The chef -born in Jamaica has deep culinary roots; His parents met at the shared restaurant of their own parents. Forte spent years of his childhood and adolescence in his kitchens, and when his father emigrated to Canada, Forte spent years traveling, having dinner and cooking in both countries. He participated in the eighth season of “Top Chef Canada”, as the first black contestant in the series, and helped launch multiple restaurants there.
When he met Jordan, Forte worked as a private chef on the Turkish and Caicos Islands. But Jordan's vision for Lucia attracted the chef and the author of the “Yawd” cookbook to Los Angeles.

Coconut fried chicken with fermented chili alioli, powdered coconut milk and pickles of the house in Lucia. An earlier version of this dish can be found in the 2022 cooking book of Forte, “Yawd: modern Afro-caribeño recipes.”
(Stephanie Breijo / Los Angeles Times)
After spending years investing in other people's restaurants in Los Angeles and the Bay area, Jordan, born in California, wanted to build his own business and attract his trips in the Caribbean to do so.
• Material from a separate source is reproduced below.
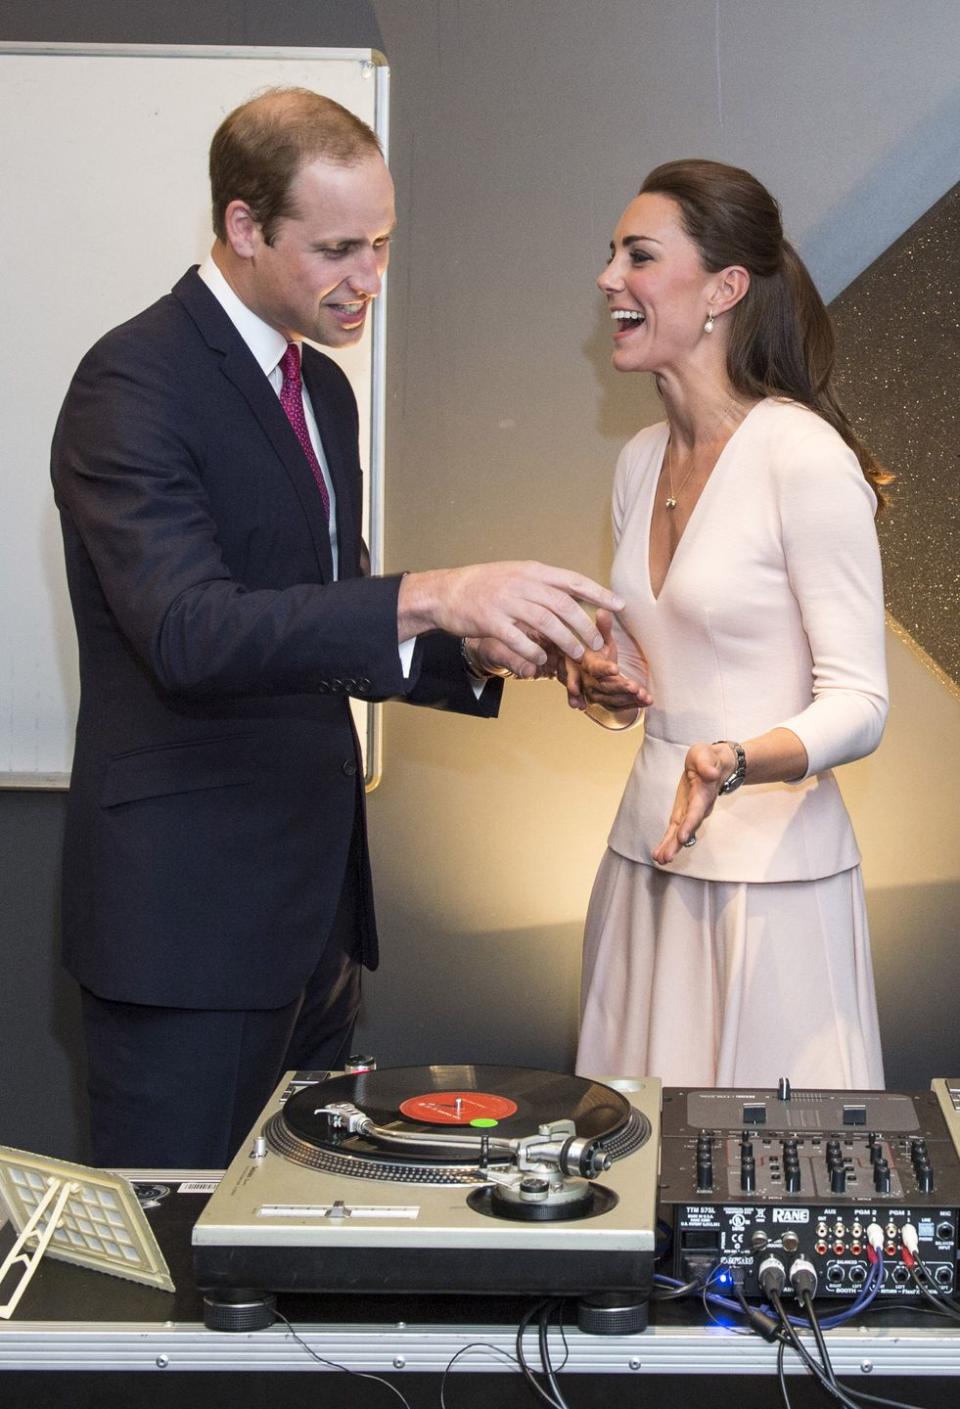 "And now you want to try DJing?"

When Jordan moved to Los Angeles in 2016, he found a bustling fairfax full of art, street style and creators of flavor. The pandemic closed multiple showcases along the iconic stretch, but the restorer hopes that Lucía, to open in the old Black Star hamburger space, can help stimulate revitalization on the street.
He and the preen design firm took out of the Flora and Fauna from the Caribbean for the interior, asking the artist Guerin Swing to launch the rows of the “shell cabins” and the imposing sculpture of concrete flower bars.
“The whole place is like a show,” Jordan said. “When you look around, you see the big flowers in the center, you see the shell cabins; the rear dining room area is beautiful with the mirrors, everything. A large part of the food and the cultures that inspire our restaurant is the idea that we are not trying to hurry anyone. We want people to feel comfortable, order food, go out, spend the time, listen to the music.